• **Given information**:
__________

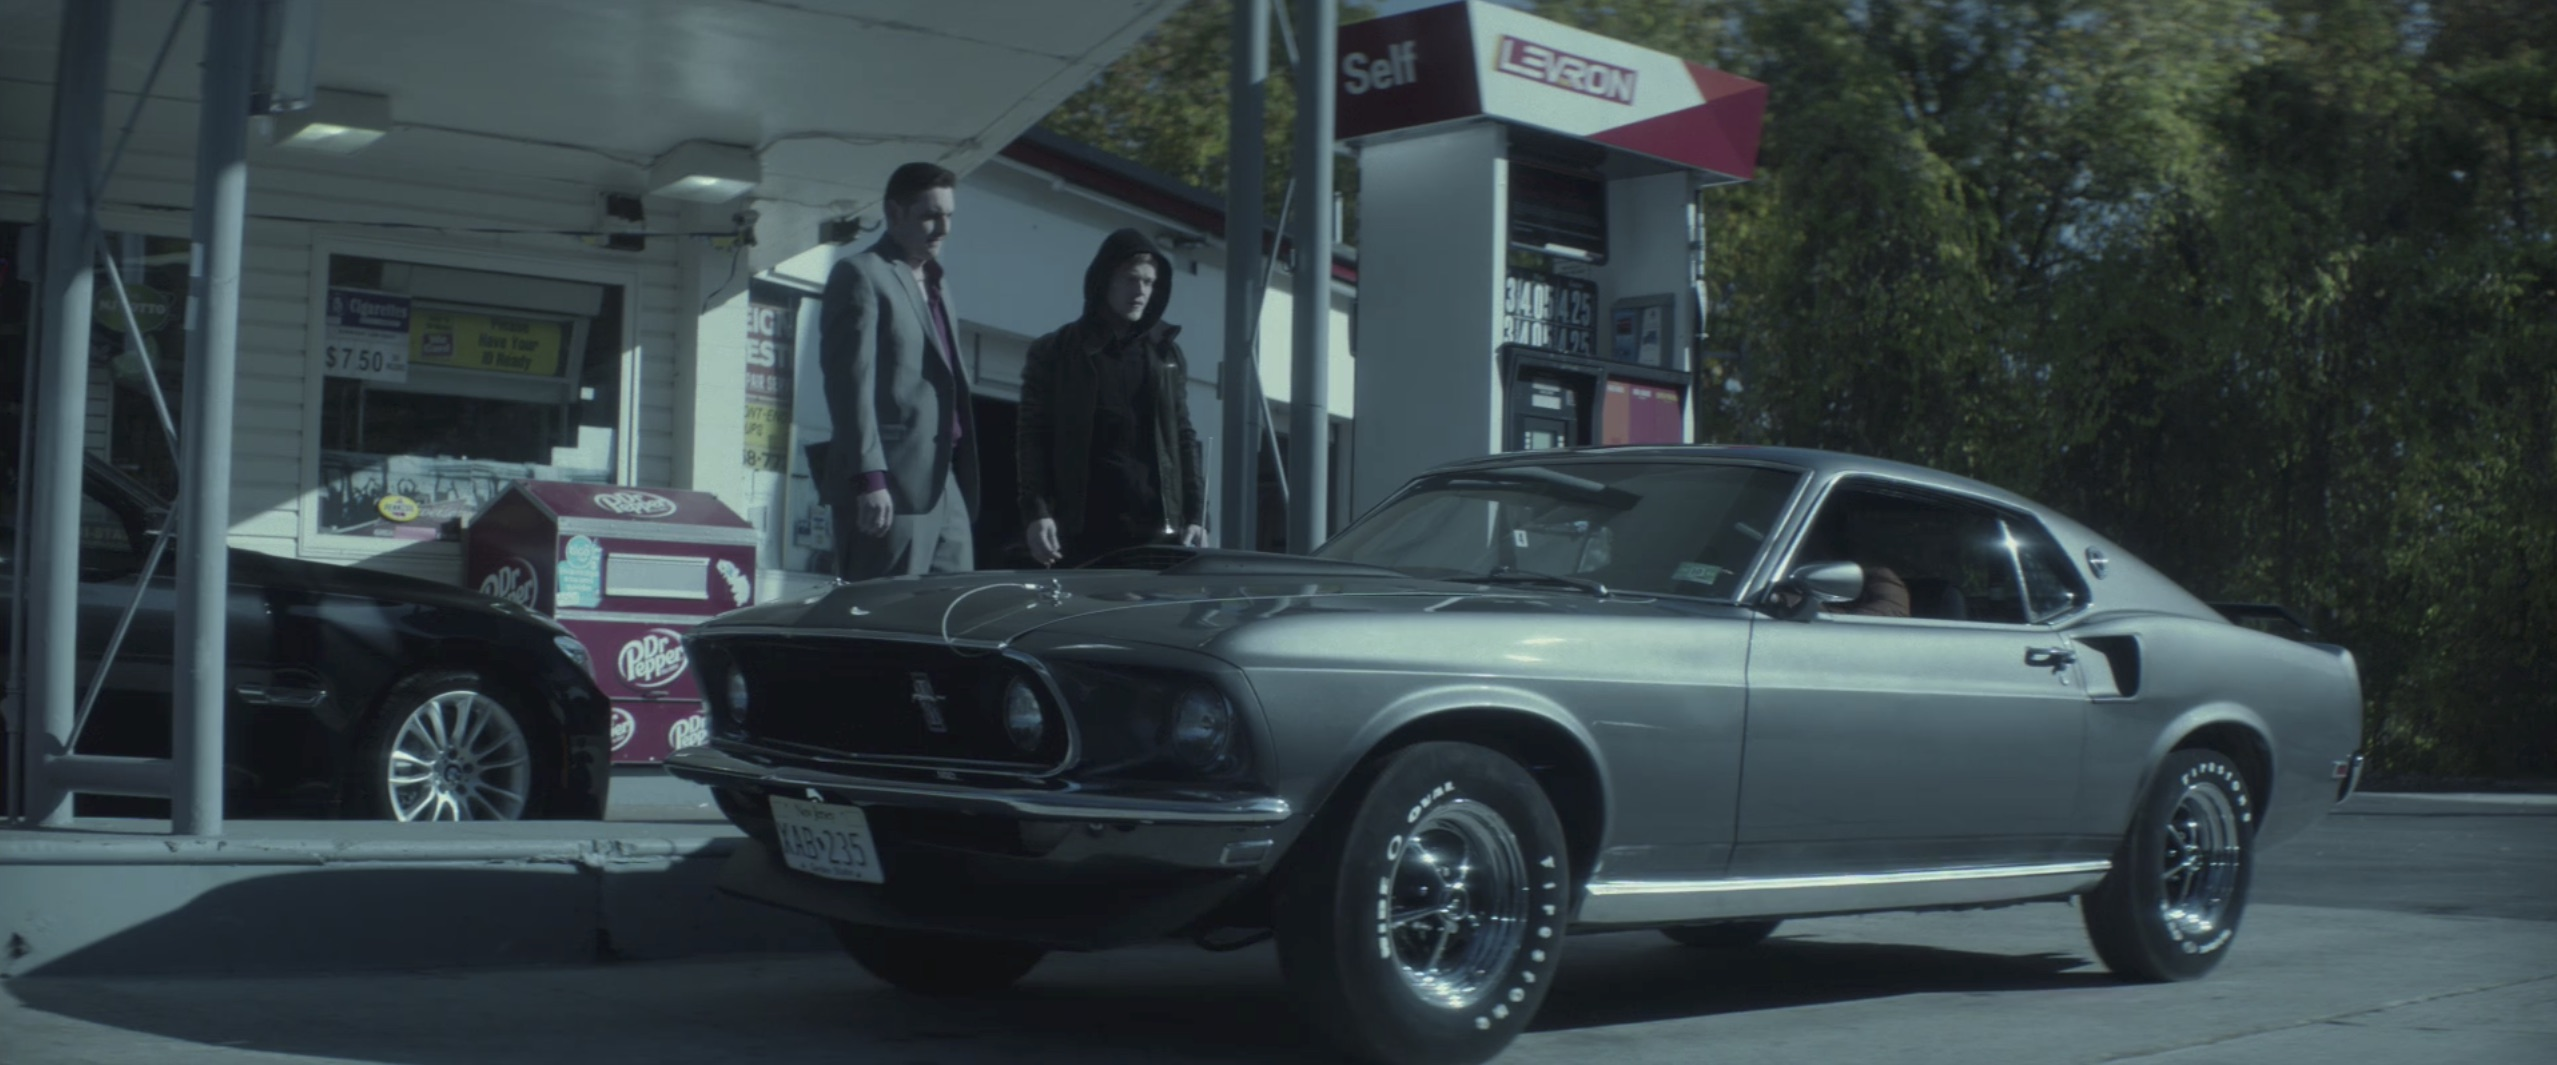 John Wick Mustang at a gas station
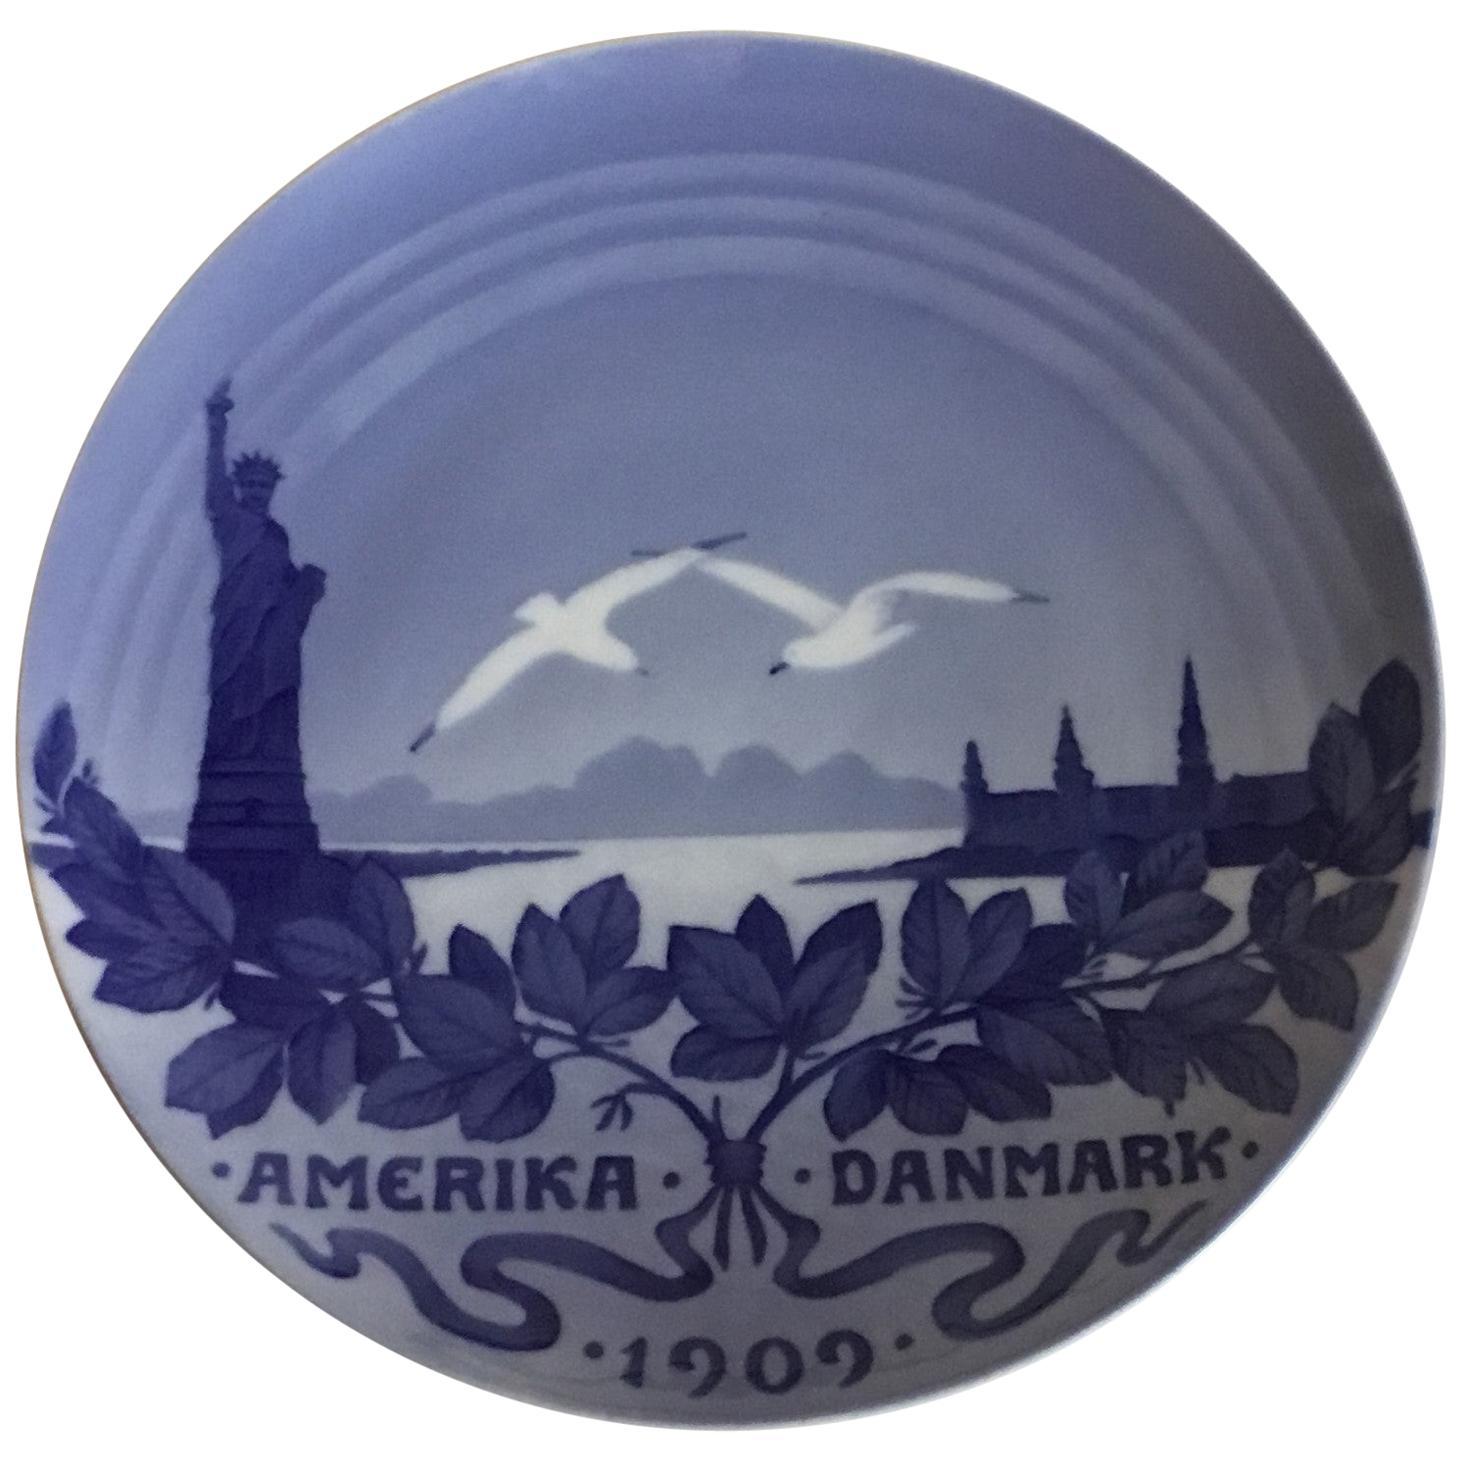 Royal Copenhagen Commemorative Plate from 1909 RC-CM1022
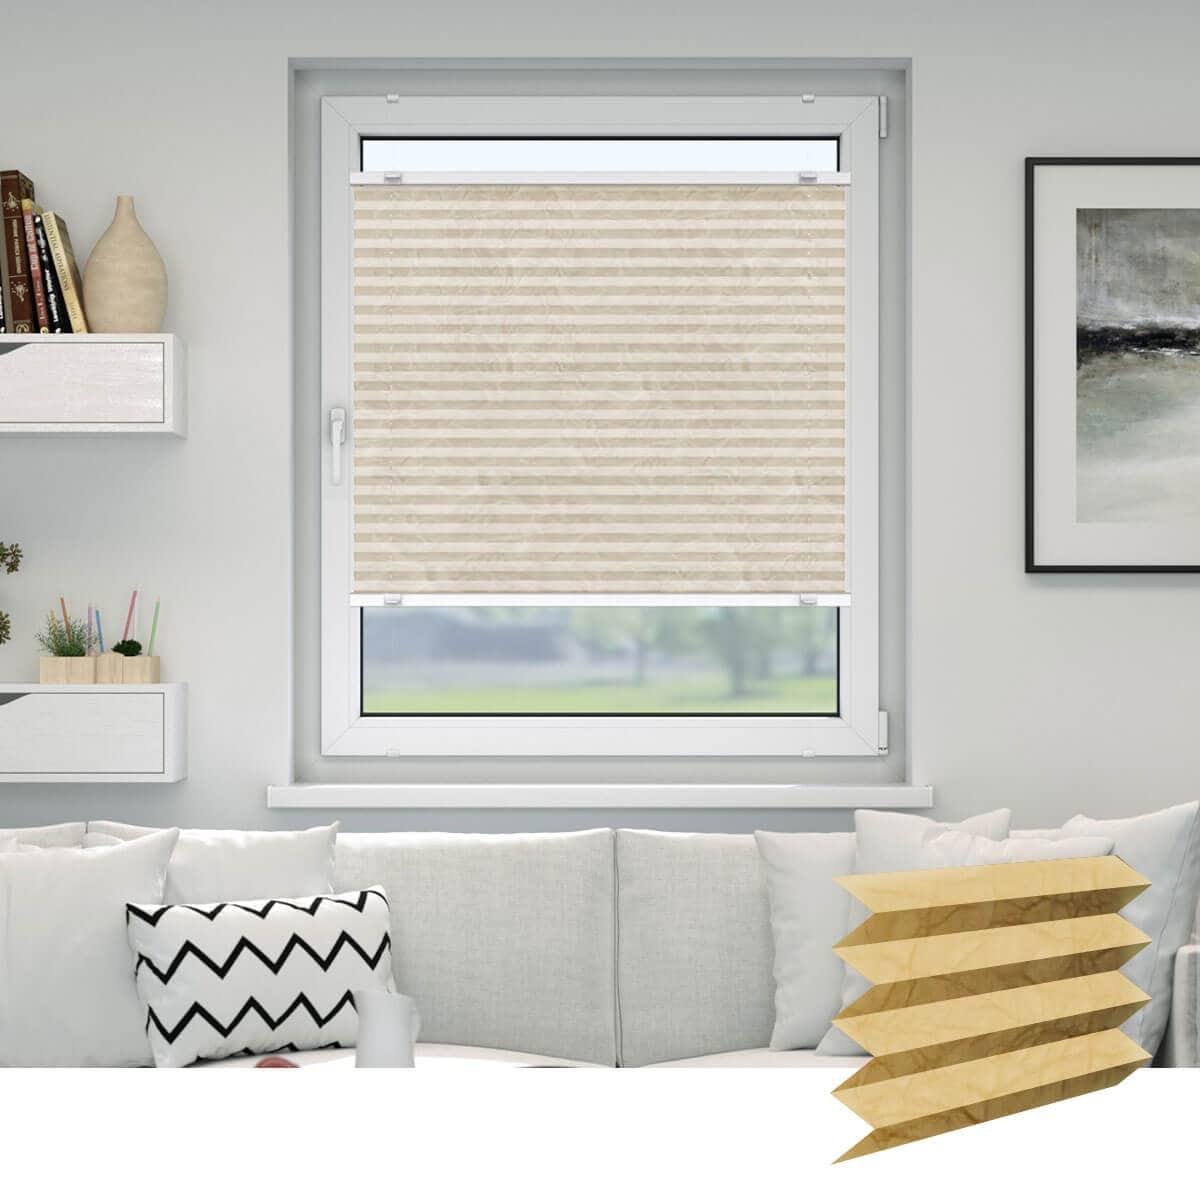 plissee nach ma stoffe form als mm ma anfertigung. Black Bedroom Furniture Sets. Home Design Ideas

__________

An exact repeat of all the data is required, pictures excluded.

• **Worked solution**:
 John Wick Mustang at a gas station
 Royal Copenhagen Commemorative Plate from 1909 RC-CM1022
 plissee nach ma stoffe form als mm ma anfertigung. Black Bedroom Furniture Sets. Home Design Ideas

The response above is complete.